Я пришла в себя на длинной скамье у серой каменной стены двора. Стена была шершавой и холодной, на ней сгустились капельки вечерней влаги из нагретого воздуха. Я смотрела в небо — прямо над головой еще светлое, по краям купола, ближе к земле, уже темно-синее, почти черное. Остро мерцали редкие мелкие звезды.

— Анна, милая, как ты нас напугала, — это был голос Мэй. Джулия вытирала мне лоб. Ричард стоял у скамьи на коленях. Он держал ингалятор. Пахло сеном, лошадьми, но сильнее всего — аптекой.

— Что это было? — я поняла, что обращаюсь именно к Ричарду.
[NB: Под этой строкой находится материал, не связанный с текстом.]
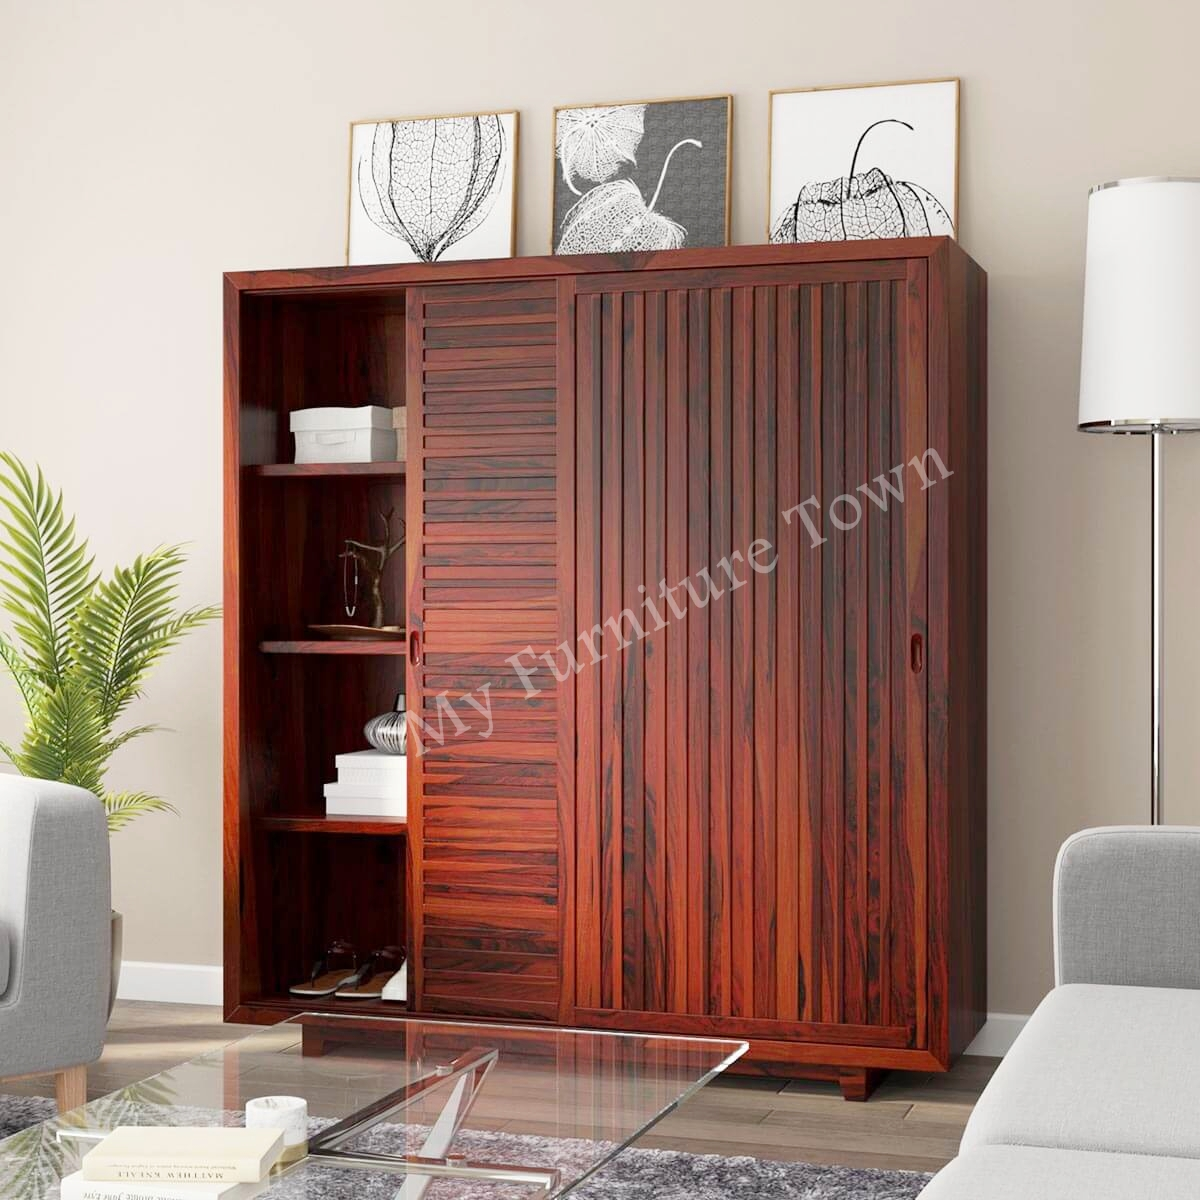 Stoni Large Rustic Sheesham Solid Wood Sliding Door Wardrobe With Shelves

И поняла, почему.

— Приступ удушья. У вас аллергия?

— Боже, Анна, ты ведь могла совсем задохнуться! — Мэй разумно отошла и только потом закурила. К ней присоединилась Джулия. Я села на скамье и прислонилась к шероховатой стене. Серый камень холодил спину. Лицо горело.
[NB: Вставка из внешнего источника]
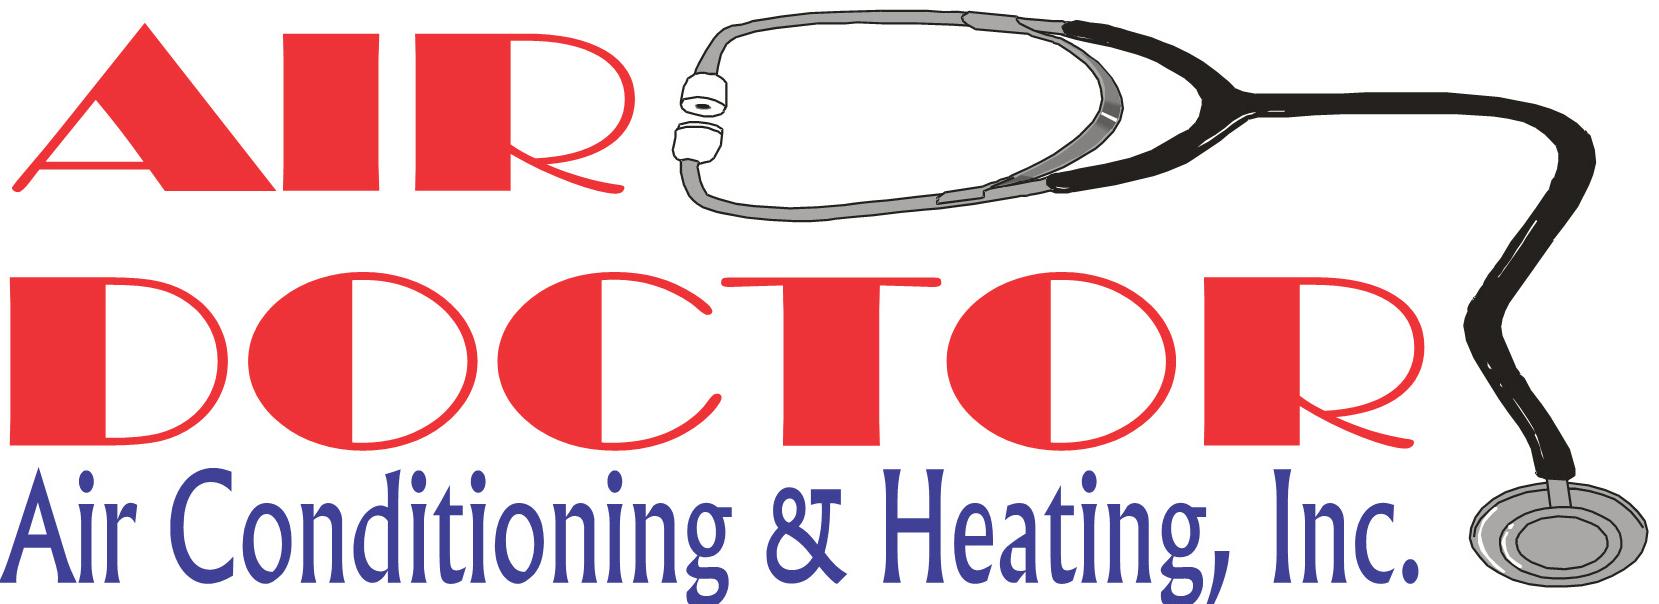 air doctor logo

— Ты в состоянии встать, Анна? Ричард, пошли кого-нибудь, пусть принесут лекарство. Теперь она сможет проглотить таблетку. Джулия, мы поедем. Нужно поскорей увезти Анну подальше от лошадей. И от сена.

— Мы еще увидимся, Анна, дорогая, — голос Джулии был низким, хрипловатым и таким теплым. — До встречи! Возьмите с собой в Шотландию что-нибудь от аллергии.

— Все это из-за меня, — сказал Ричард. Он вел машину по лабиринту узких дорог в стенах зеленой изгороди. Правда, сейчас она была не зеленой, а черной. Темно было — хоть глаз выколи, только желтые круги света от фар плясали впереди. — Из-за этого разговора. Так бывает — приступ удушья может быть вызван сильным волнением. — Я не оглядывалась, но мне показалось, что Мэй сосредоточенно слушает.

— Ричард, — спросила я в полусне от лекарств и от мягкого покачивания автомобиля, когда мы уже въезжали в ворота Стрэдхолла, — откуда вы все знаете? Вы так говорили со мной там, во дворе… Как профессиональный психотерапевт. И то, я думаю, не всякий. И вы знаете про аллергию. Так откуда?

— Это армейская подготовка, Анна. Так у нас готовят офицеров. Чтобы командовать людьми, нужно их понимать. А уж медицина — ну, это само собой. Я одного только не могу объяснить.

— Вы? И не можете?

— Не нужно надо мной смеяться. У вас сейчас потребность себя защитить, и это естественно. Я не обижаюсь.

— Простите, Ричард. Что вы имели в виду?

— Я не могу понять, почему никто из ваших друзей там, в Москве, — а вы говорите, что у вас есть друзья, — почему никто из них давным-давно не отвел вас к психотерапевту? Не помог советом? Не настоял, чтобы вы встретились с отцом? Они что, не замечали, как вы страдаете — одна, молча, много лет? Вряд ли им неизвестна ваша история. Почему я, мало знакомый вам человек — ведь мы с вами виделись всего несколько раз и два дня провели вместе — почему я это увидел, а они — нет? Не захотели вам помочь? Что же это за друзья?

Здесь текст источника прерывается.